The path plot gives a number of episodes of the actual movement of an agent following the policy, over multiple iterations. Since the outcome of ‘shoot’ actions is random (as is the outcome of being shot at by the enemy), different paths may be taken by agents following the same policy. In this plot, the path colour becomes more red for higher values of ship damage (lower values of ship health) and becomes more blue for higher values of enemy damage. In this way we can see how the results of following the policy change depending on random outcomes during the operation of the agent. Agents that have been damaged tend to follow the safer path round the outside of the map while agents that have damaged the enemy (to the extent of destroying it completely) head straight for the nearest shore. Occasionally an agent is sunk (represented by a black star) – although the policy is optimal on average, this does not guarantee success at every iteration.

```policy = ValuePolicy(ccross, values)

ccross.visualise_as_image(policy=policy,title="Policy Plot", mode=0, plot=True)
ccross.visualise_as_image(policy=policy,title="Path Plot", mode=1, plot=True)
```

## Complexity

The complexity of each iteration is $O(|S|^2 |A|)$. On each iteration, we iterate in an outer loop over all states in $S$, and in each outer loop iteration, we need to iterate over all states ($\sum_{s' \in S}$), meaning $|S|^2$ iterations.
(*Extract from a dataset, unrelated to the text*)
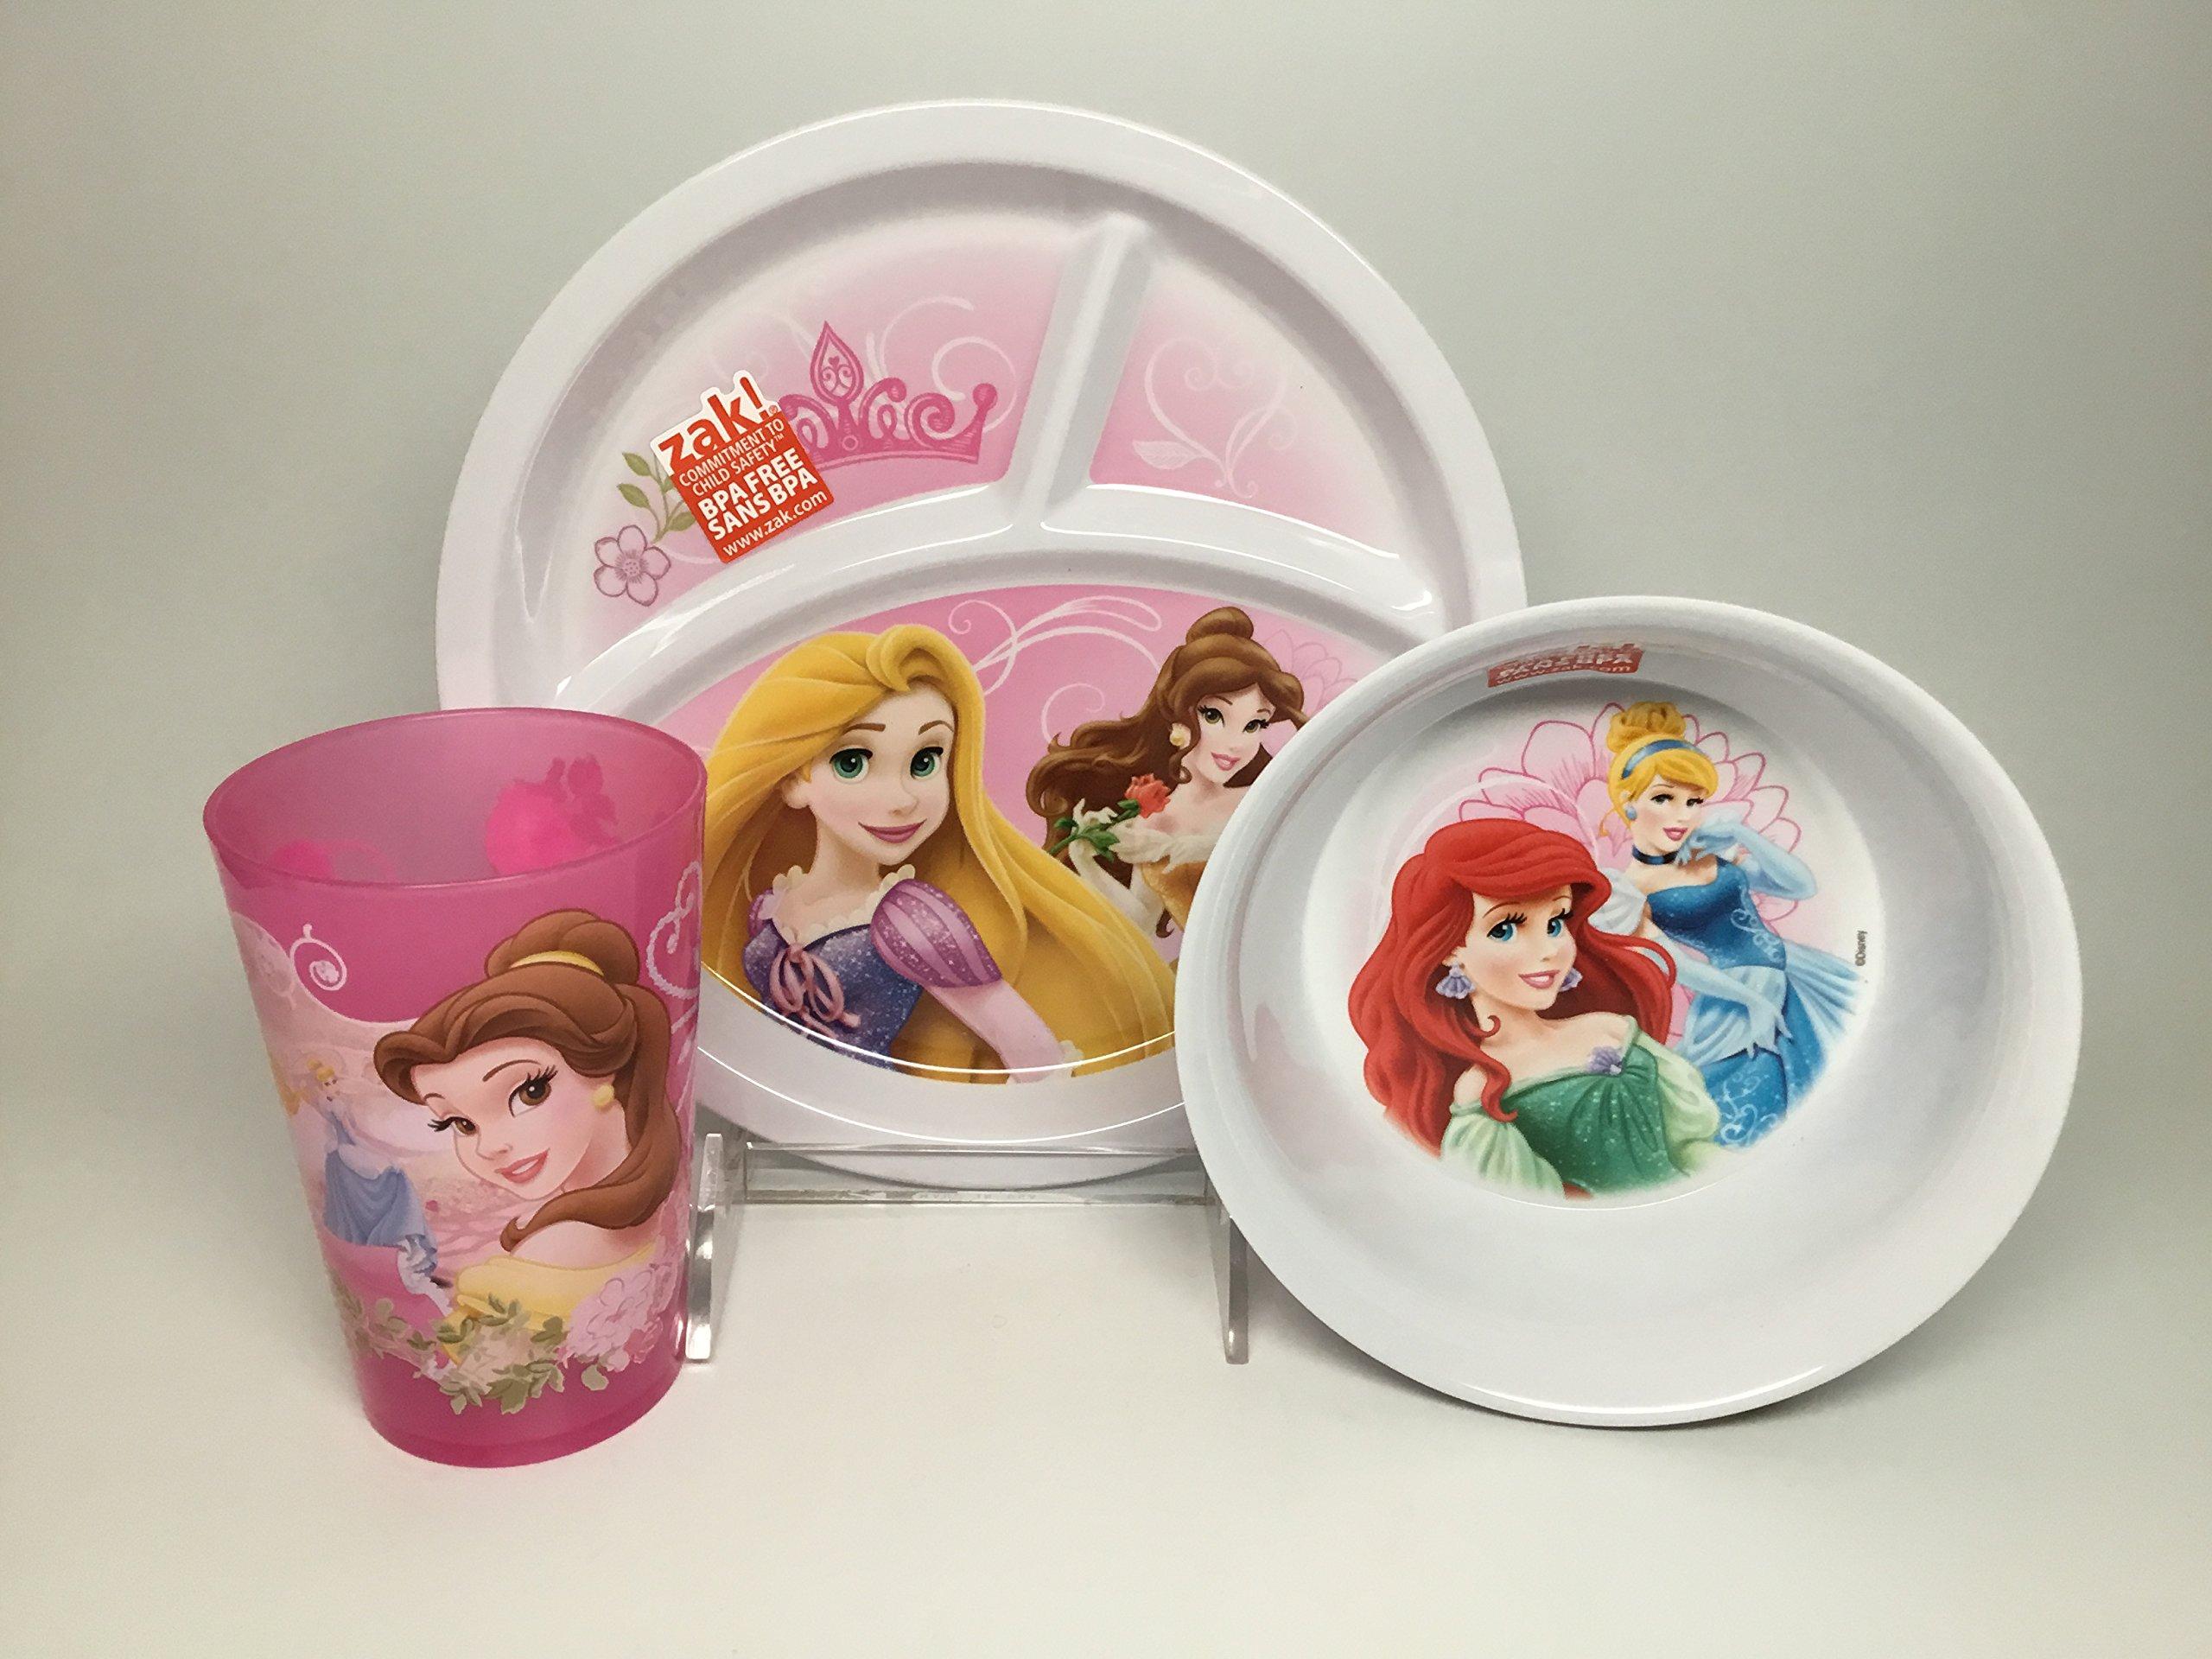 Disney Princess Divided Plate Set

But also within each outer loop iteration, we need to calculate the value for every action to find the maximum.

It is clear to see that the value iteration can be easily parallelised by updating the value of many states at once: the values of states at step $t + 1$ are dependent only on the value of other states at step $t$.

Takeaways

• Value iteration is an algorithm for calculating a value function $V$, from which a policy can be extracted using policy extraction.
• It produces an optimal policy an infinite amount of time.
• For medium-scale problems, it can converge on the optimal policy in a “reasonable” amount of time, but does not scale as well as some other techniques.